In the Appendix of "Commutator Estimates and the Euler and Navier-Stokes equations", Kato proves the following inequality \begin{equation}\tag{1}\label{1} \|J^s(fg)-f(J^sg)\|_{L^p}\lesssim \|\partial f\|_{L^\infty}\|J^{s-1}g\|_{L^p}+\|J^sf\|_{L^p}\|g\|_{L^\infty}\,, \end{equation} where $1<p<\infty$, $ s\geq 0 $ and $J=(I-\Delta)^{1/2}$.

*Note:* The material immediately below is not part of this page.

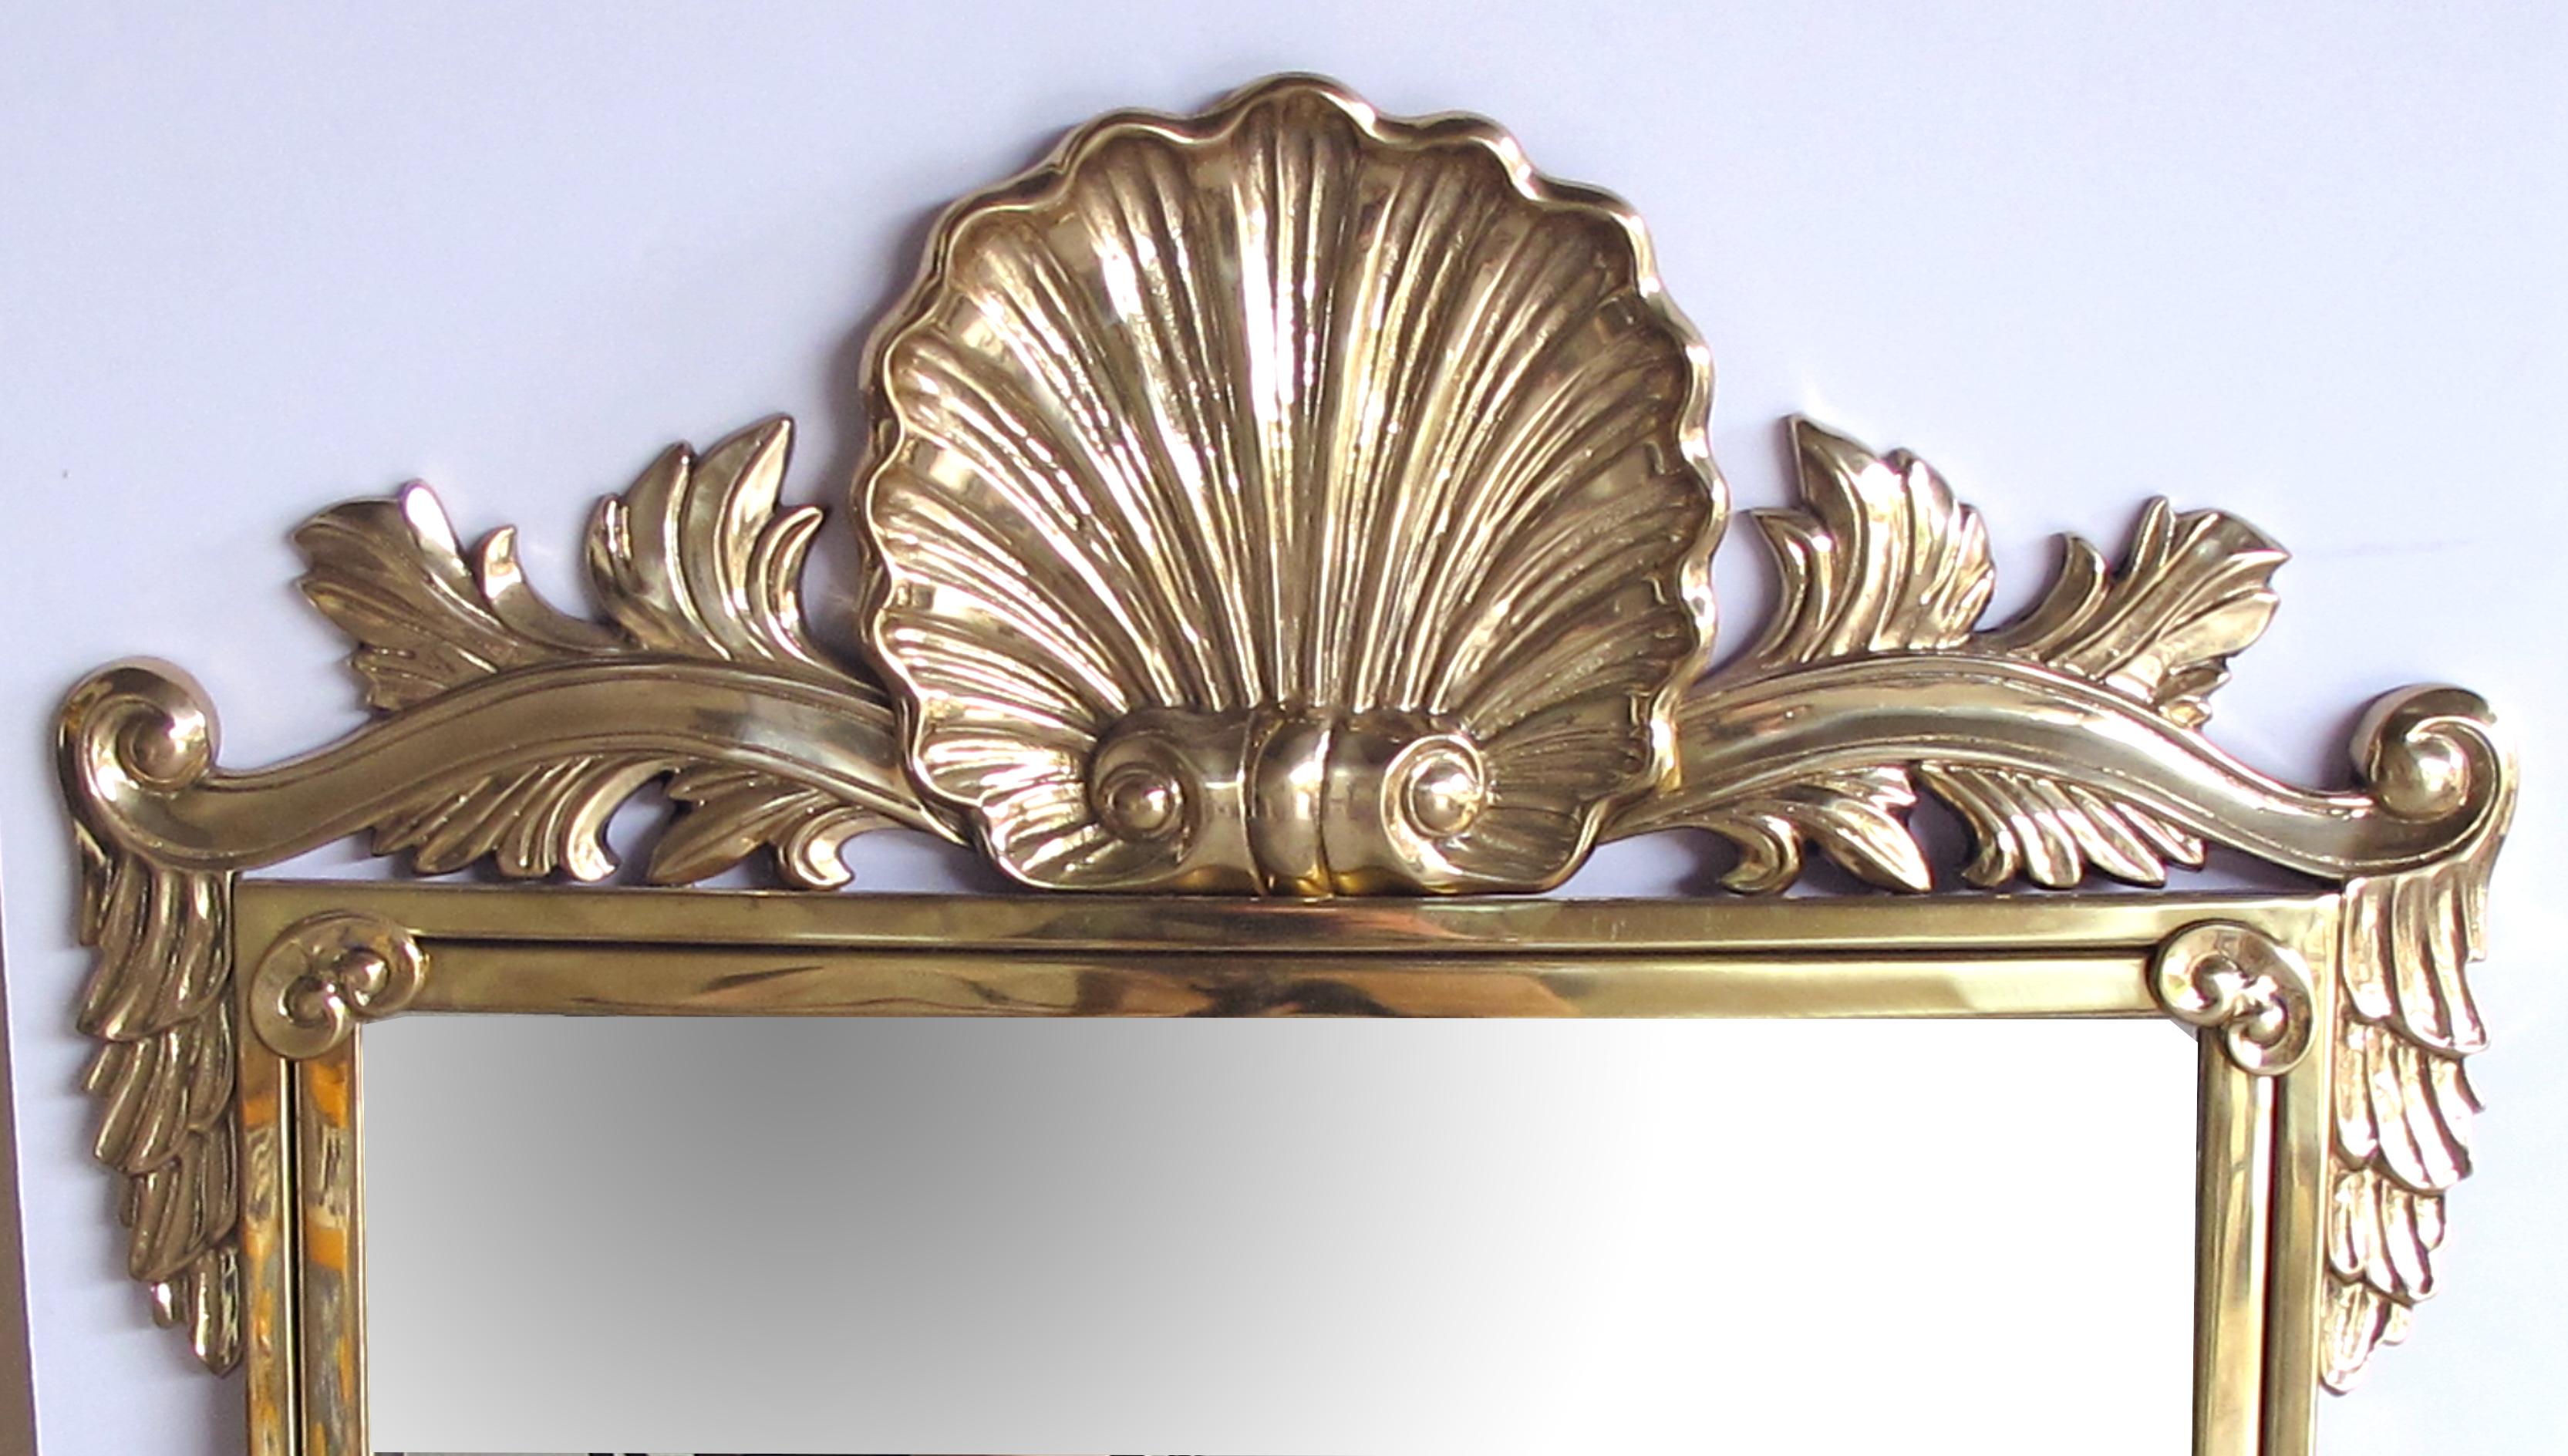 in the neoclassical taste, the boldly-scaled solid brass crest centering a robust shell motif flanked by lively scrolls and foliate decoration all surrounding a beveled mirror plate

Now, let $x\in \mathbb{T}\,,$ where $\mathbb{T}=\mathbb{R}/\mathbb{Z}$. Given $A_x$ a self-adjoint operator with compact resolvent, we denote by $e^{itA_x}$ the evolution group generated by $A_x\,$.
Questions:
1-I am wondering if there exists an inequality of the same type as \eqref{1}, such that we can control the $L^2$ norm of $$ \|[\partial_x,e^{itA_x}](g)\|_{L^2}\,, \hskip1cm\text{where }\quad [\partial_x,e^{itA_x}](g)=\partial_xe^{itA_x}g\,-\,e^{itA_x}\partial_xg\,, $$ and $g$ is any function in the Sobolev space $H^s$ for $s>0$ large enough.
2- Or does there exist any estimate on $ \|e^{itA_x}g\|_{H^1} ? $